One could also ask "Why TFTP?" Is it for PXEboot?
If yes, are the DHCP and DNS needs "simple"?

If yes, then I would use 'dnsmasq', because that can act as DHCP, DNS, and TFTP server.

[coolstm]

First you seem to have set this up in two separate and mutually incompatible ways. Either pick xinetd to start a connection OR run tftpd as a service all the time. Not both. I'd recommend dumping the xinetd bit and disabling that and concentrating on getting it running as a service first.

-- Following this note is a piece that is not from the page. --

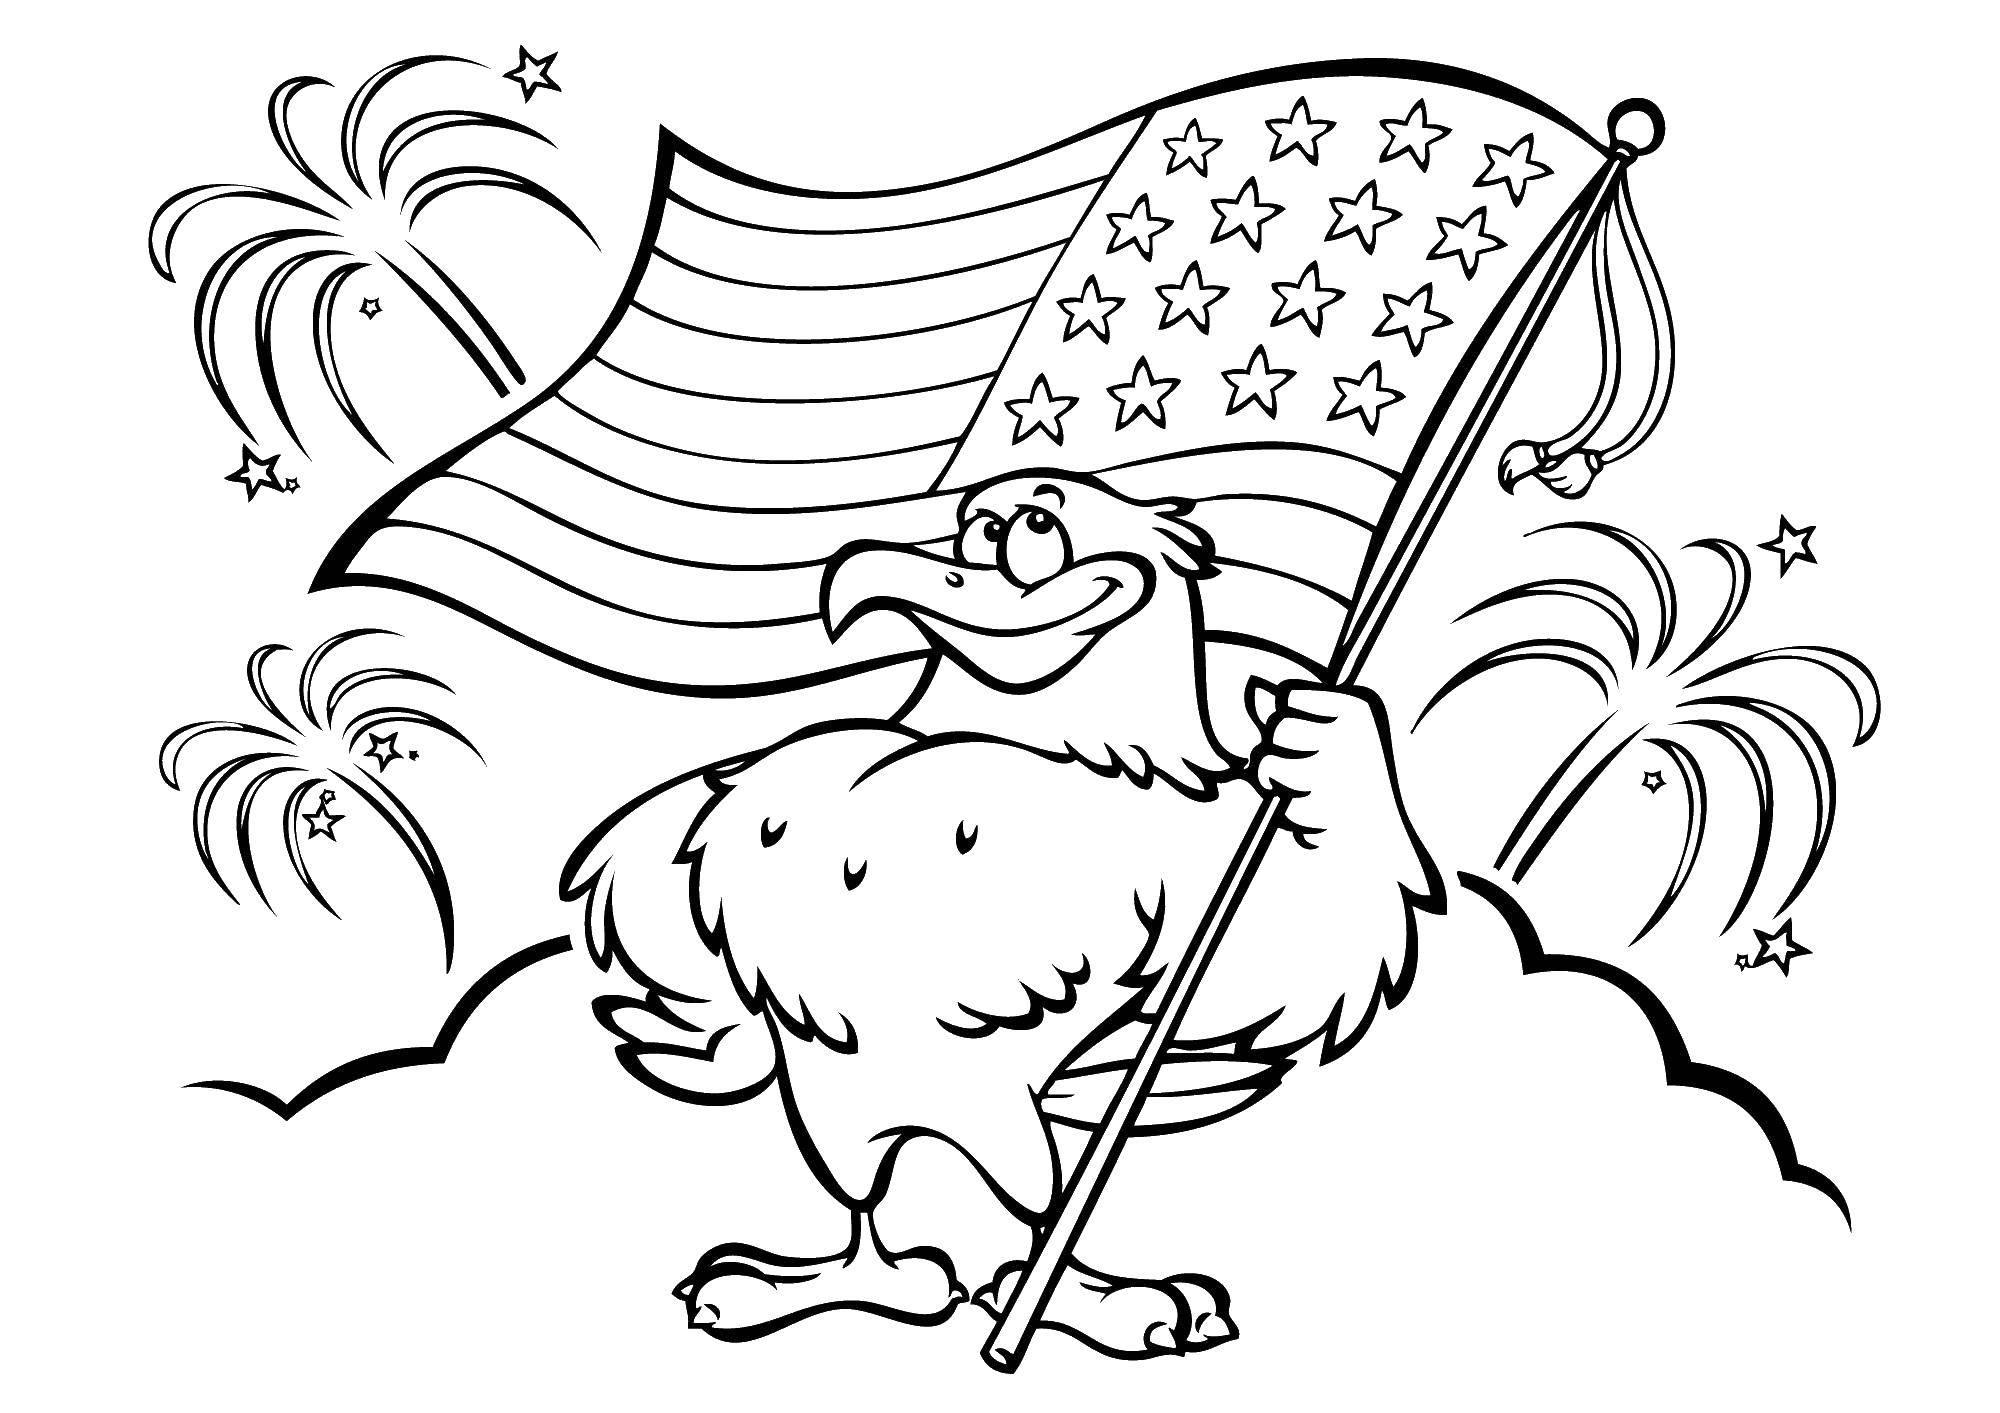 Раскраска Орел с флагом америки Скачать США, Америка, флаг.  Распечатать ,США,

After it works that way you can review whether you want it running all the time or started on connection using xinetd.

Also I suspect that on newer CentOS STream you should not use xinetd at all as it probably has a systemd socket to activate it.

Thank you for your reply.

As you said, even if you delete xinetd, the tftp client service works.

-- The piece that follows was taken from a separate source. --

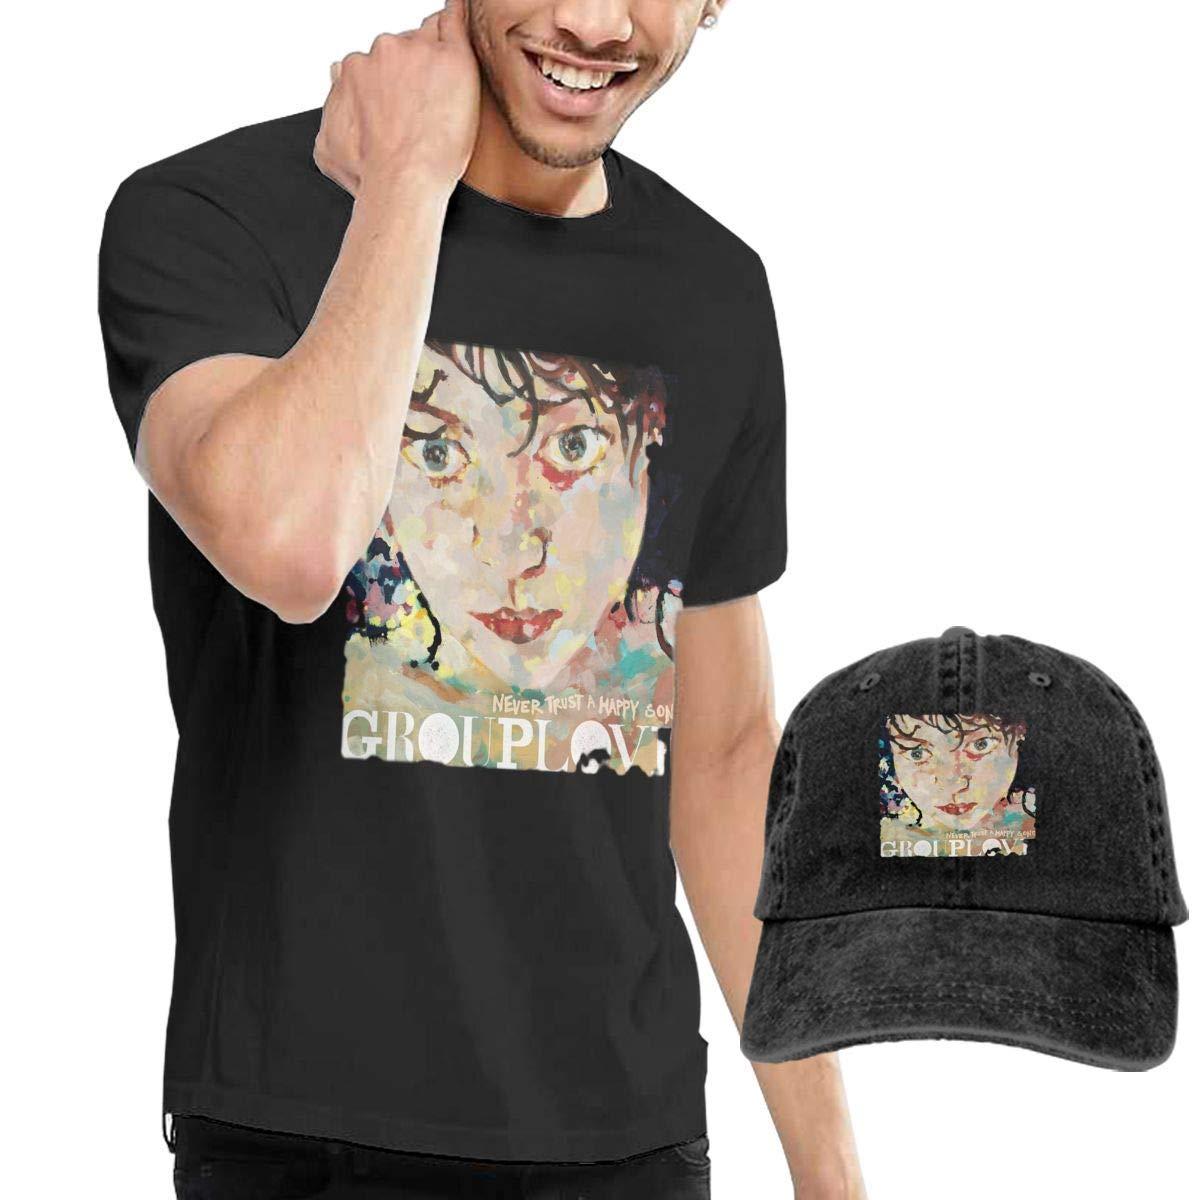 Baostic Camisetas y Tops Hombre Polos y Camisas, Mens Grouplove ...

However, the server service is still not available.
The change is that the phrase shown in xinetd.service is "in.tftpd: chroot: Operation not permitted" in tftp.service.

[coolstm]

One could also ask "Why TFTP?" Is it for PXEboot?
If yes, are the DHCP and DNS needs "simple"?

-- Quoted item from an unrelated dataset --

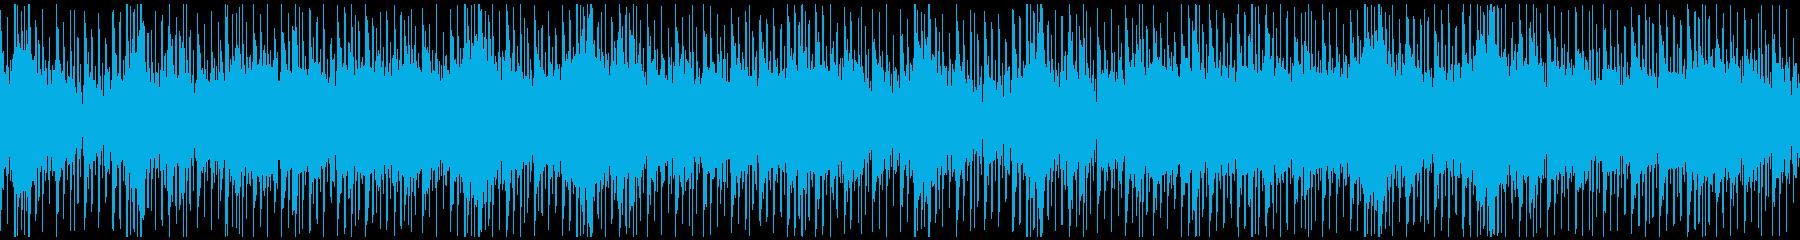 ループ、夜、大人、アーバン、チルアウトの再生済みの波形

If yes, then I would use 'dnsmasq', because that can act as DHCP, DNS, and TFTP server.

Thank you for your reply.

Yes, tftp service is absolutely necessary for pxe booting.

[TrevorH]

What are your permissions on /var/lib/tftpboot. Easiest way to show that is to run namei -l /var/lib/tftpboot. Also include the output from ls -laZ /var/lib/tftpboot

[coolstm]

What are your permissions on /var/lib/tftpboot. Easiest way to show that is to run namei -l /var/lib/tftpboot. Also include the output from ls -laZ /var/lib/tftpboot

bash-4.4# namei -l /var/lib/tftpboot
f: /var/lib/tftpboot
drwxr-xr-x root root /
drwxr-xr-x root root var
drwxr-xr-x root root lib
drwxr-xr-x root root tftpboot

bash-4.4# ls -laZ /var/lib/tftpboot
total 2
drwxr-xr-x. 2 root root system_u:object_r:container_file_t:s0:c128,c144 1024 Jan 4 16:00 .
drwxr-xr-x. 15 root root system_u:object_r:container_file_t:s0:c128,c144 1024 Apr 27 15:41 ..
-rwxrwxrwx. 1 root root system_u:object_r:container_file_t:s0:c128,c144 6477 Apr 27 15:48 test.txt

[TrevorH]

bash-4.4# ls -laZ /var/lib/tftpboot
total 2
drwxr-xr-x. 2 root root system_u:object_r:container_file_t:s0:c128,c144 1024 Jan 4 16:00 .
drwxr-xr-x. 15 root root system_u:object_r:container_file_t:s0:c128,c144 1024 Apr 27 15:41 ..
-rwxrwxrwx. 1 root root system_u:object_r:container_file_t:s0:c128,c144 6477 Apr 27 15:48 test.txt

Run restorecon -RFv /var/lib/tftpboot

[coolstm]

bash-4.4# ls -laZ /var/lib/tftpboot
total 2
drwxr-xr-x. 2 root root system_u:object_r:container_file_t:s0:c128,c144 1024 Jan 4 16:00 .
drwxr-xr-x. 15 root root system_u:object_r:container_file_t:s0:c128,c144 1024 Apr 27 15:41 ..
-rwxrwxrwx. 1 root root system_u:object_r:container_file_t:s0:c128,c144 6477 Apr 27 15:48 test.txt

Run restorecon -RFv /var/lib/tftpboot

Selinux disable
Even if you enter the above command, it does not work the same way.

[TrevorH]

Is this a real system or a container?